Sports

Bam Adebayo’s 83-point game should be celebrated despite tactics

Pinterest LinkedIn Tumblr

In making sense of Bam Adebayo’s historic night, a couple of things became clear.

For one, the exasperation and handwringing is bordering on the absurd. For another, Adam Silver may have inadvertently found the NBA’s solution for tanking.

In what has become the most unexpected individual performance in NBA history, the Miami Heat center dropped 83 points Tuesday, March 10, against the Washington Wizards. It was a singular achievement, one in which he surpassed late Lakers icon Kobe Bryant (81) for second-most points in a single game in history.

Some corners of the Internet whined that Adebayo required 43 free-throw attempts and 36 conversions — both NBA records — to make history.

Make no mistake: his night should be celebrated. You’d be hard-pressed to find many humans who can scratch 83 on their own driveways, let alone an actual NBA game.

Bam Adebayo’s 83-point game is cause for celebration

On a random Tuesday in March, the entire pro basketball world was glued to a game only available on local broadcasts. Players in other arenas on the West Coast watched the final minutes on their phones or got updates as Adebayo eclipsed Bryant, one of the idols for this generation actively playing in the league.

In many ways, Adebayo’s 83-bomb defies logic. He’s a 16.1-point-per-game career scorer. His previous career high was 41, which he had surpassed by halftime. It also means he more than doubled that previous career best. There are so many other statistical oddities that make Adebayo’s performance difficult to comprehend.

This was a player chasing greatness and his coaches and teammates facilitating that pursuit. It was a joyous occasion, one that brought awareness to a team captain who prides himself on defensive effort — something often lacking in the league — and a player whose humble beginnings in a single-wide trailer in North Carolina are now being amplified to the masses.

Social media tends to suck the joy from things. The temptation is to measure Adebayo’s game against Kobe and Wilt Chamberlain, but that’s largely reductive. In a vacuum, this was simply an unprecedented display of athletic greatness. Commemorate that.

Tanking tactics meet Bam Adebayo’s historic night

And, perhaps unintentionally, Adebayo also delivered a solution to the NBA’s issue on tanking: if teams are willingly self-sabotaging and compromising their integrity, shame them into infamy.

“There was a lot of fouls called — 16 free throws in the fourth quarter,” Wizards coach Brian Keefe said of Adebayo after the game. “Just trying to take the ball out of his hands. He still got some free throws 40 feet away from the rim — can’t explain those calls. That’s all I got to say on that.”

This is exactly what getting embarrassed should feel like. Washington, losers of nine consecutive games, has become a willing doormat as it plans for the future, a common practice for rebuilding teams.

But rather than bemoan officiating, Keefe should explain why the most intense defense his team has played all season came in the final minutes of the fourth, when Washington triple-teamed Adebayo and tried to deny him on inbounds passes.

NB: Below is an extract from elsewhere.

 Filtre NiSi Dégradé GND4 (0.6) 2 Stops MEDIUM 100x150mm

The Wizards, at one point, even intentionally fouled Heat forward Keshad Johnson to put him on the line instead of Adebayo.

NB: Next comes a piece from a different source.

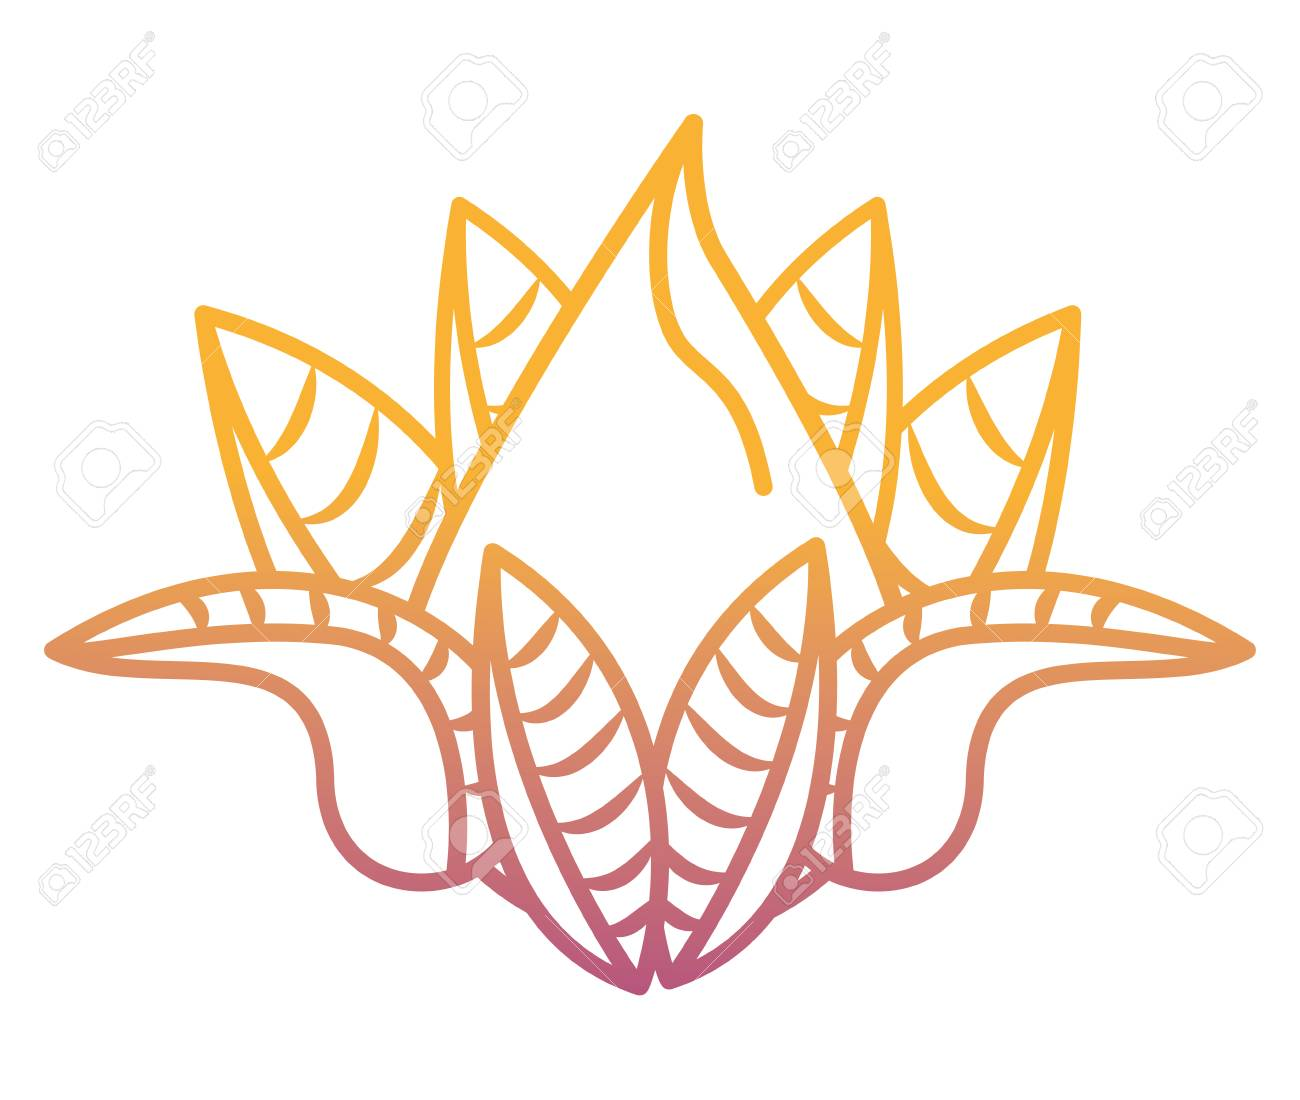 Lotus Flower Cartoon Vector Illustration Graphic Design Royalty Free

Perhaps if the Wizards had exerted this much effort night in and night out, they wouldn’t have been in this position.

Washington is the (proud?) owner of the NBA’s worst defense, allowing 120.6 points per 100 possessions. But it’s the team’s apathy and inability to do anything but foul Adebayo that put the Wizards in this spot.

“The fourth quarter just turned into not a real basketball game,” Keefe added.

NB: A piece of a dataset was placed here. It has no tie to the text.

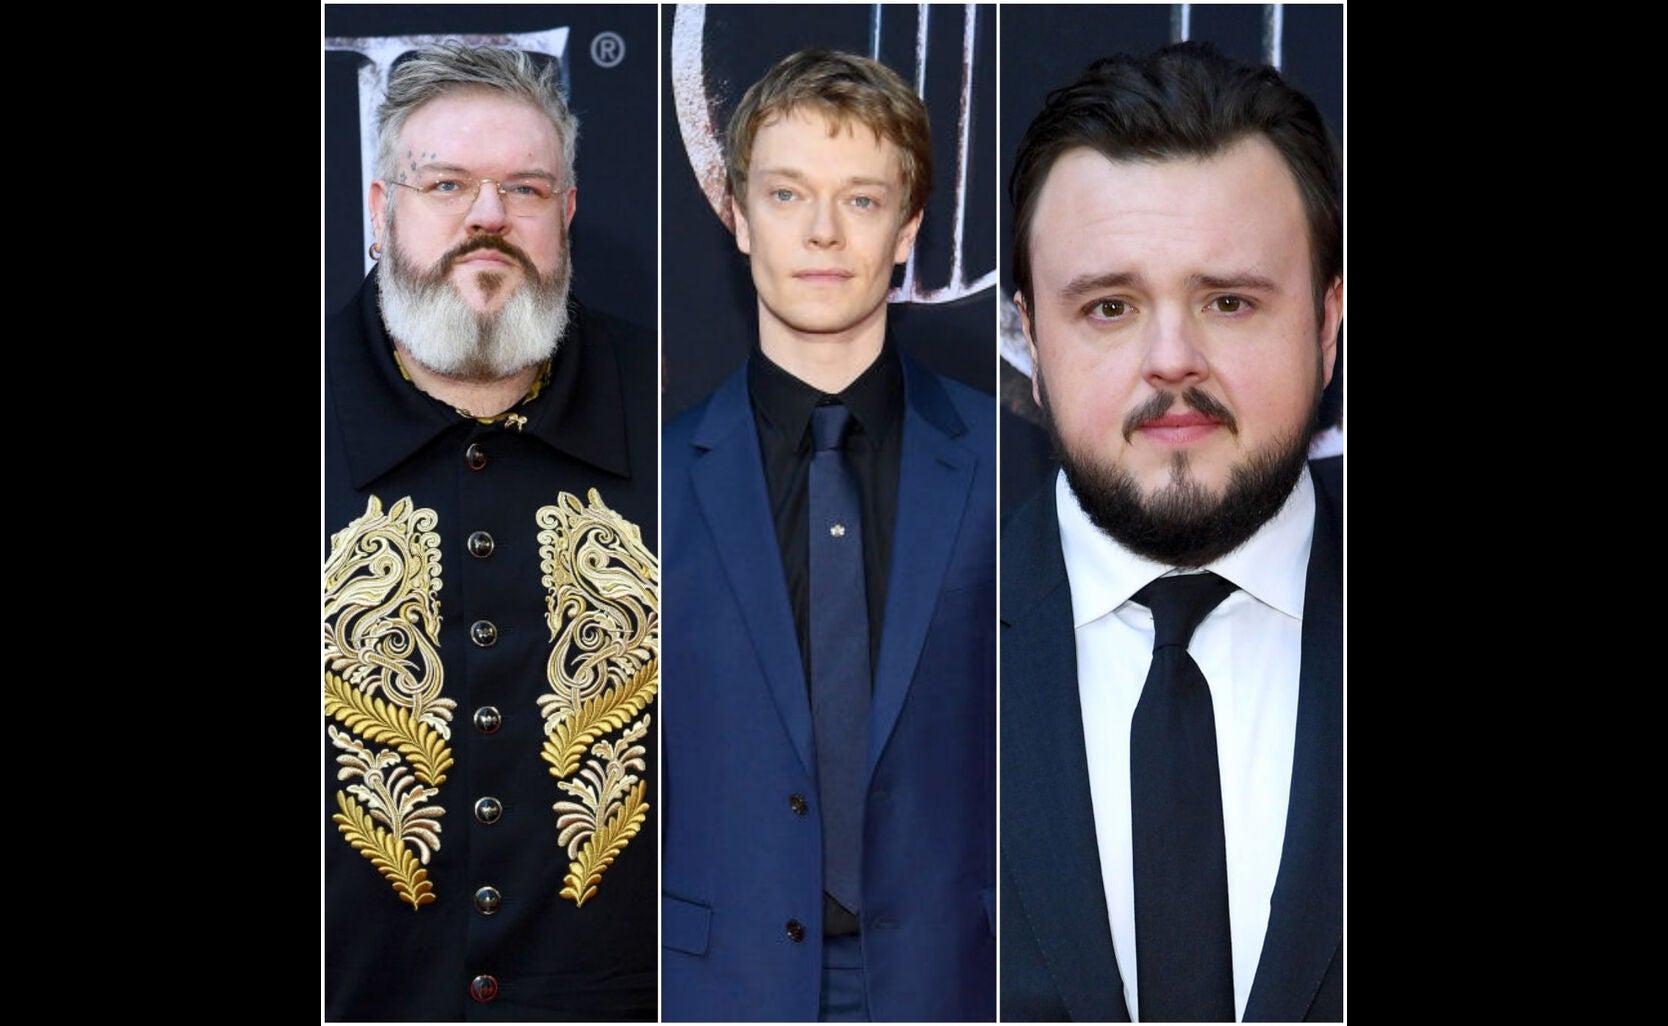 Kristian Nairn, Alfie Allen, John Bradley at the premiere of s8 of Game of Thrones

He’s not totally wrong; Miami committed an intentional foul with 1:41 left in the game while up 27, in an attempt to get Adebayo more looks. Johnson, in an effort to one-up Washington’s intentional foul on him, tried to direct the ball to Adebayo with an intentionally missed free throw. Heat coach Erik Spoelstra even challenged an Adebayo offensive foul with 2:56 left when Miami was up 25.

But what Keefe gets wrong is that the integrity of this game was compromised months ago, before a single player stepped onto the floor Tuesday night.

Washington, not-so-subtly, has been engaged in a tanking effort over the past three months, if not multiple seasons. And because the team’s 2026 first-round selection is Top-8 protected, the Wizards are doing everything they can to ensure it stays with the franchise.

Trae Young, whom the Wizards acquired Jan. 7, missed Tuesday’s game and has played for Washington just twice. Anthony Davis, acquired Feb. 4, hasn’t made a single appearance for the Wizards.

All of this begs the question: if a supremely talented player but average scorer like Adebayo could go on a heater and explode for 83 points on Washington, will other players now hunt the Wizards?

If Washington continues to self-sabotage, they might as well.

Later this month, the Wizards play the Thunder and Knicks in consecutive nights. What’s to stop Shai Gilgeous-Alexander or Jalen Brunson from trying for 85? Then, on March 30, the Wizards will travel to face the Lakers and the NBA’s leading scorer, Luka Dončić.

The thing that should endure in all of this, however, is Adebayo. As the NBA tries to compete with other sports for viewership and attention, stories like his and performances like these deserve amplification.

“Wilt, me, then Kobe,” a reflective Adebayo told reporters after the game. “It sounds crazy.”